PROVIDED DATA Block Start

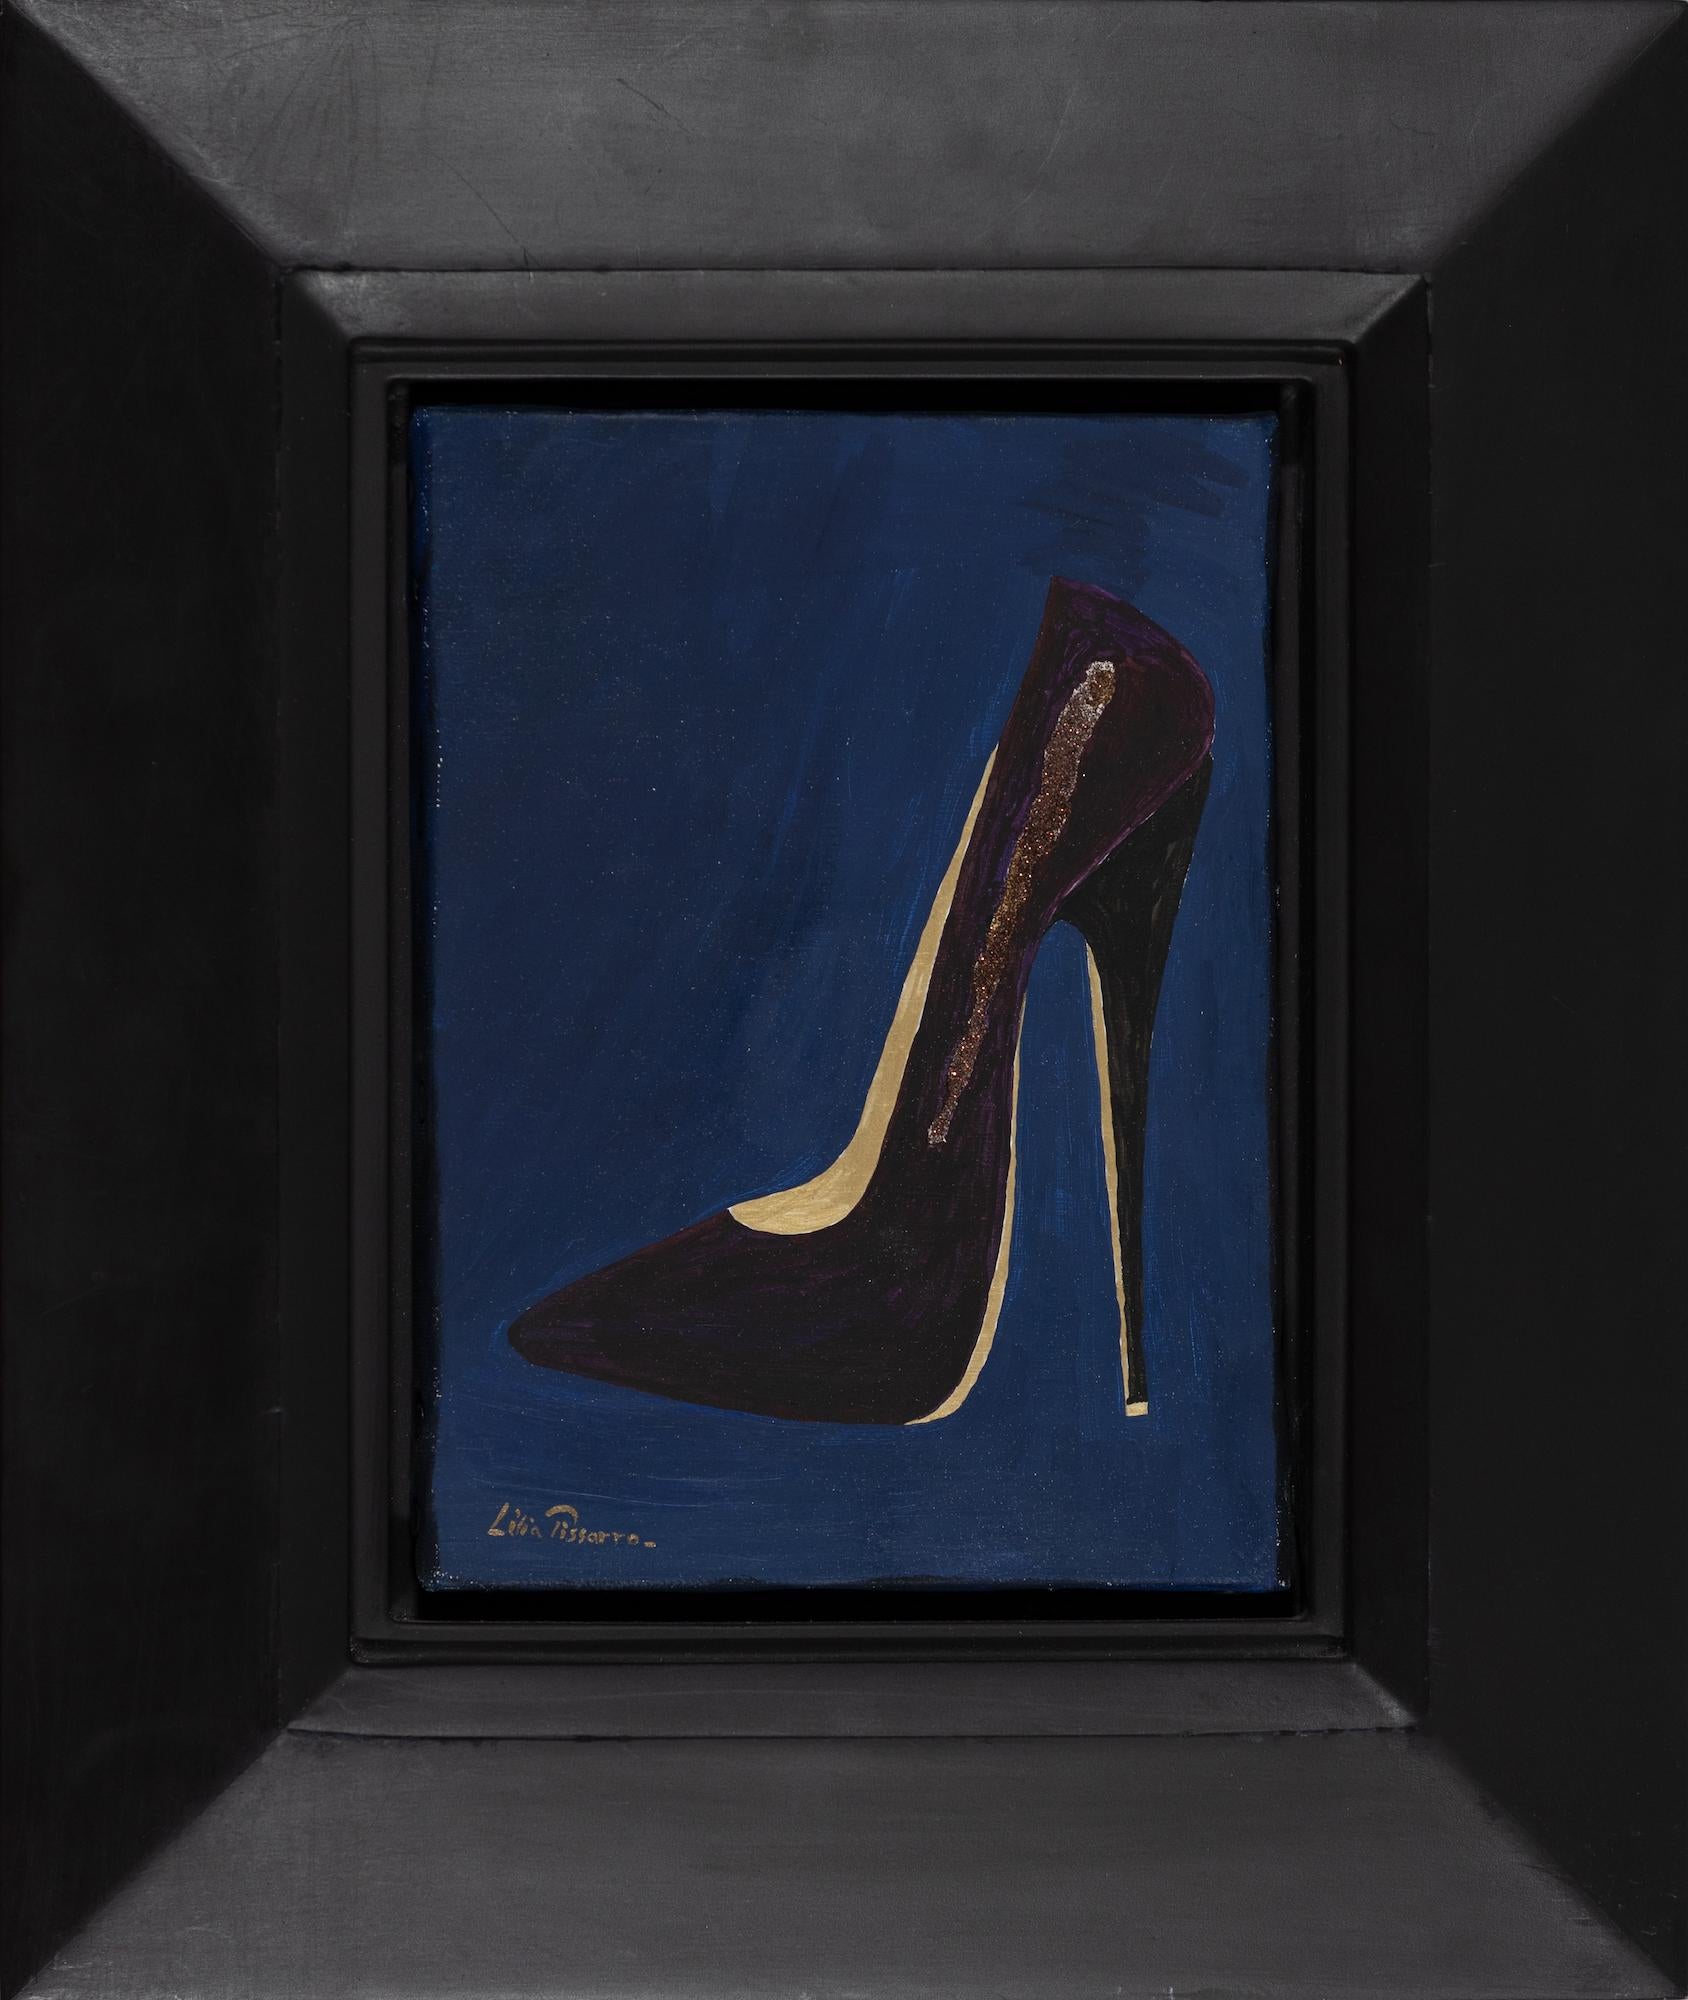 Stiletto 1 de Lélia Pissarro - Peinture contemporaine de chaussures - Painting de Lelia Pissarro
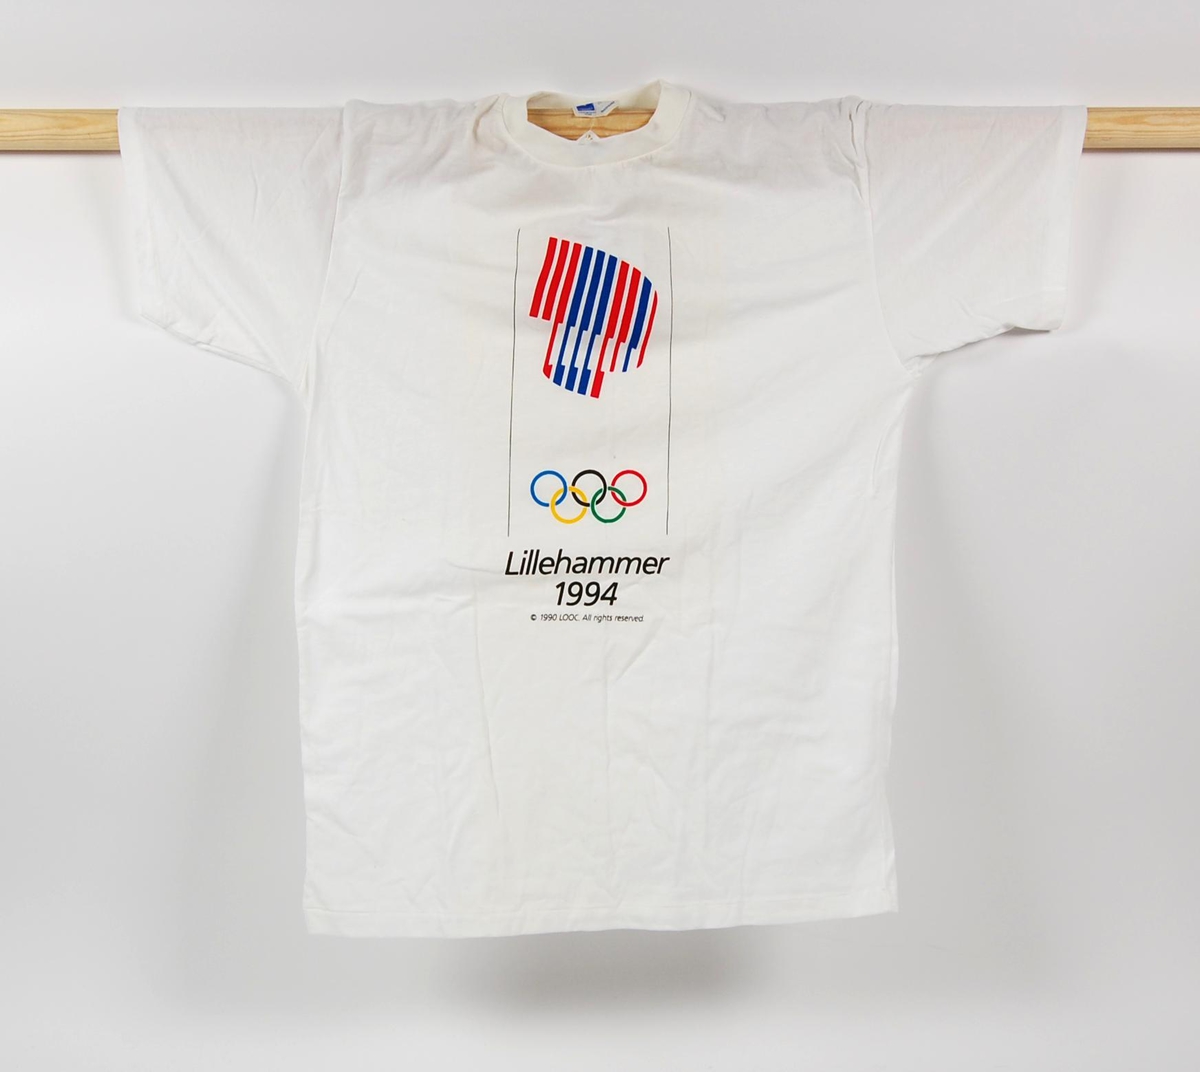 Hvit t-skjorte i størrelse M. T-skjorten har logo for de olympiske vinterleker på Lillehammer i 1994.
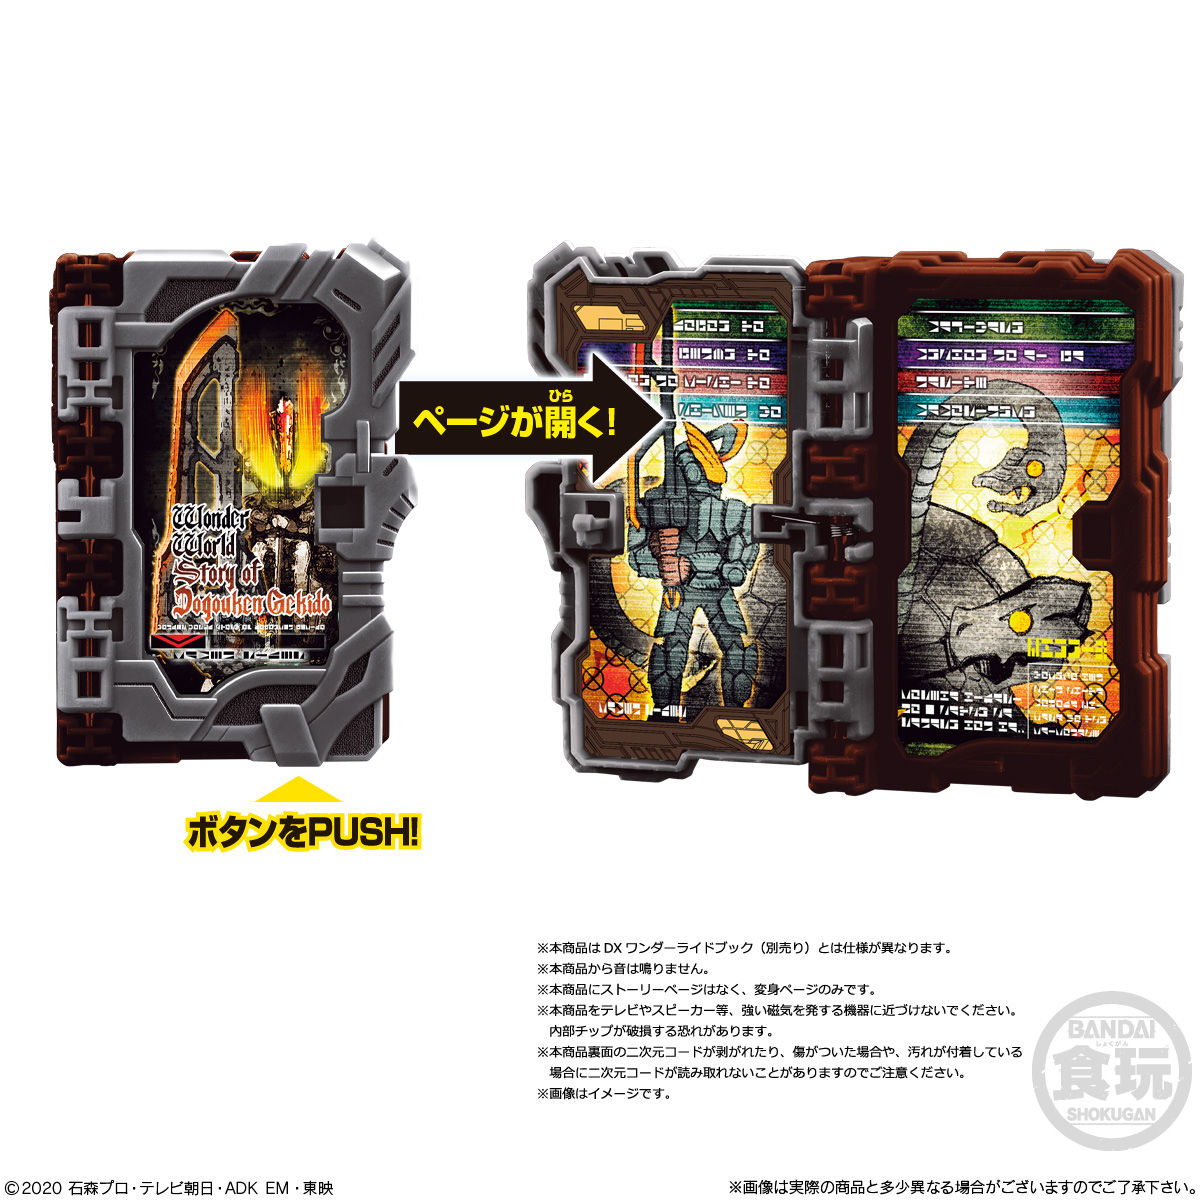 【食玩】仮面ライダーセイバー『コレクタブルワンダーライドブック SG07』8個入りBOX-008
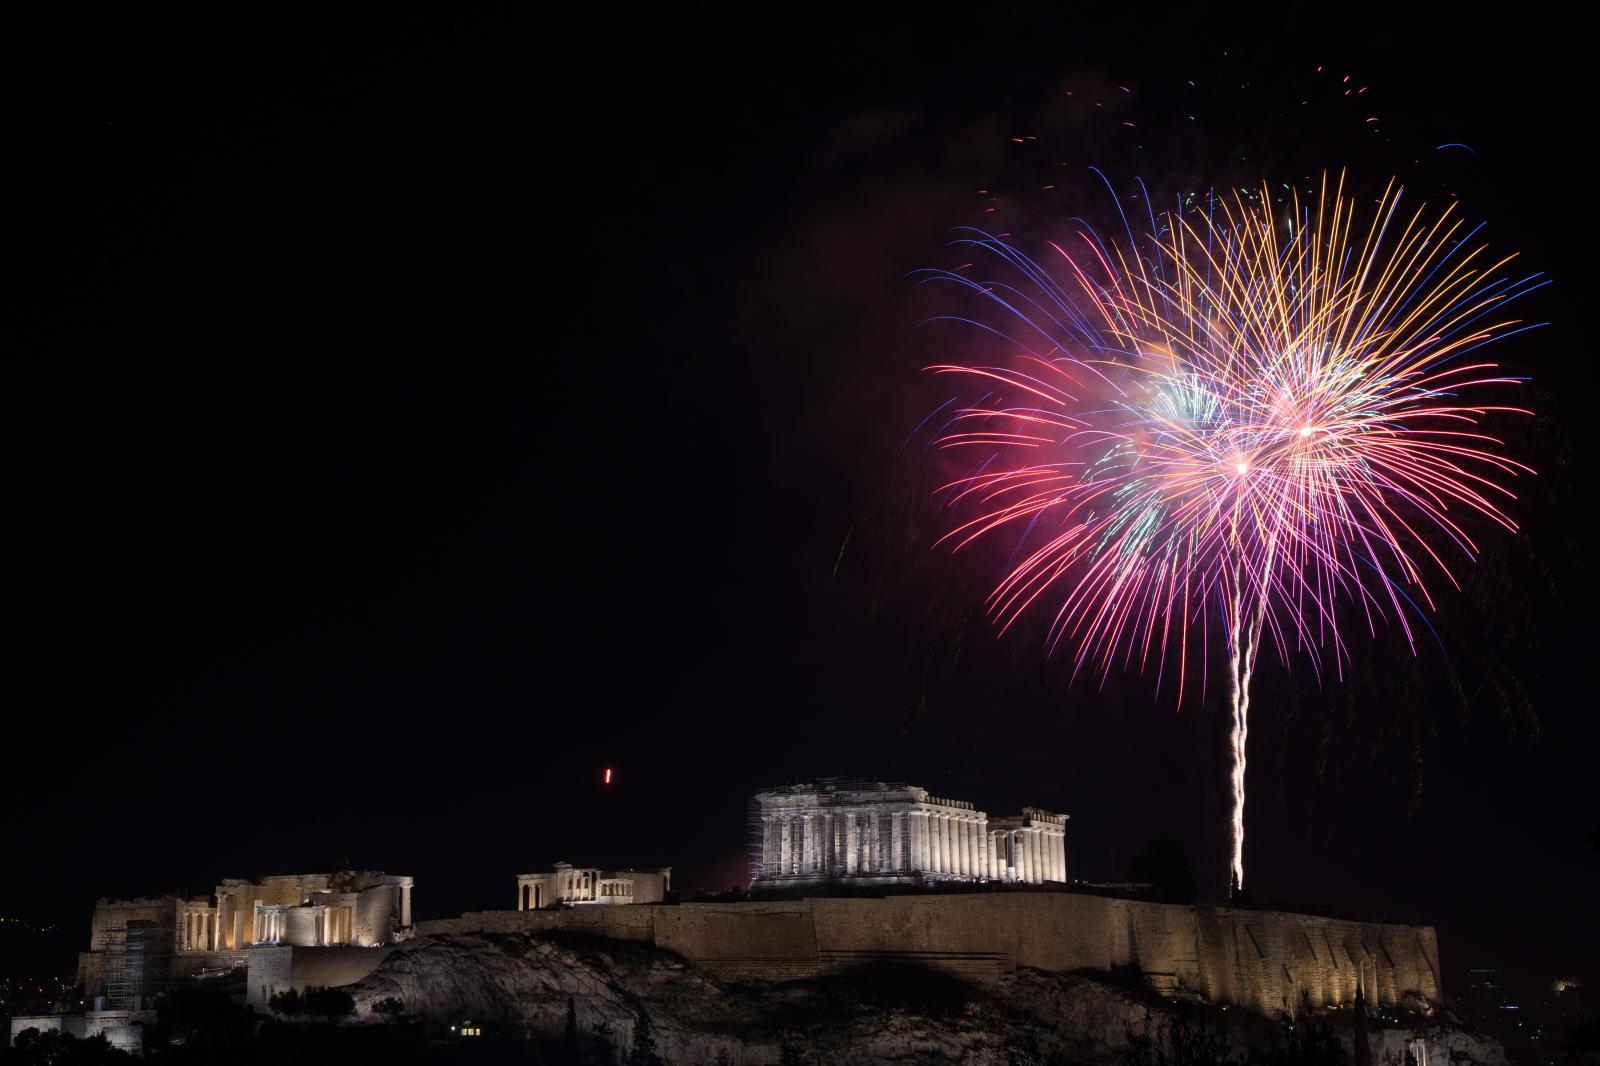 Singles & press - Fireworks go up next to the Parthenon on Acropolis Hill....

PROVIDED DATA Block End

### [WHAT YOU WILL DO]
Exactly as written above, print every line of the data but not its pictures.

### [OUTPUT OF THE TASK]
 Stiletto 1 de Lélia Pissarro - Peinture contemporaine de chaussures - Painting de Lelia Pissarro
 Hvit t-skjorte i størrelse M. T-skjorten har logo for de olympiske vinterleker på Lillehammer i 1994.
 【食玩】仮面ライダーセイバー『コレクタブルワンダーライドブック SG07』8個入りBOX-008
 Singles & press - Fireworks go up next to the Parthenon on Acropolis Hill....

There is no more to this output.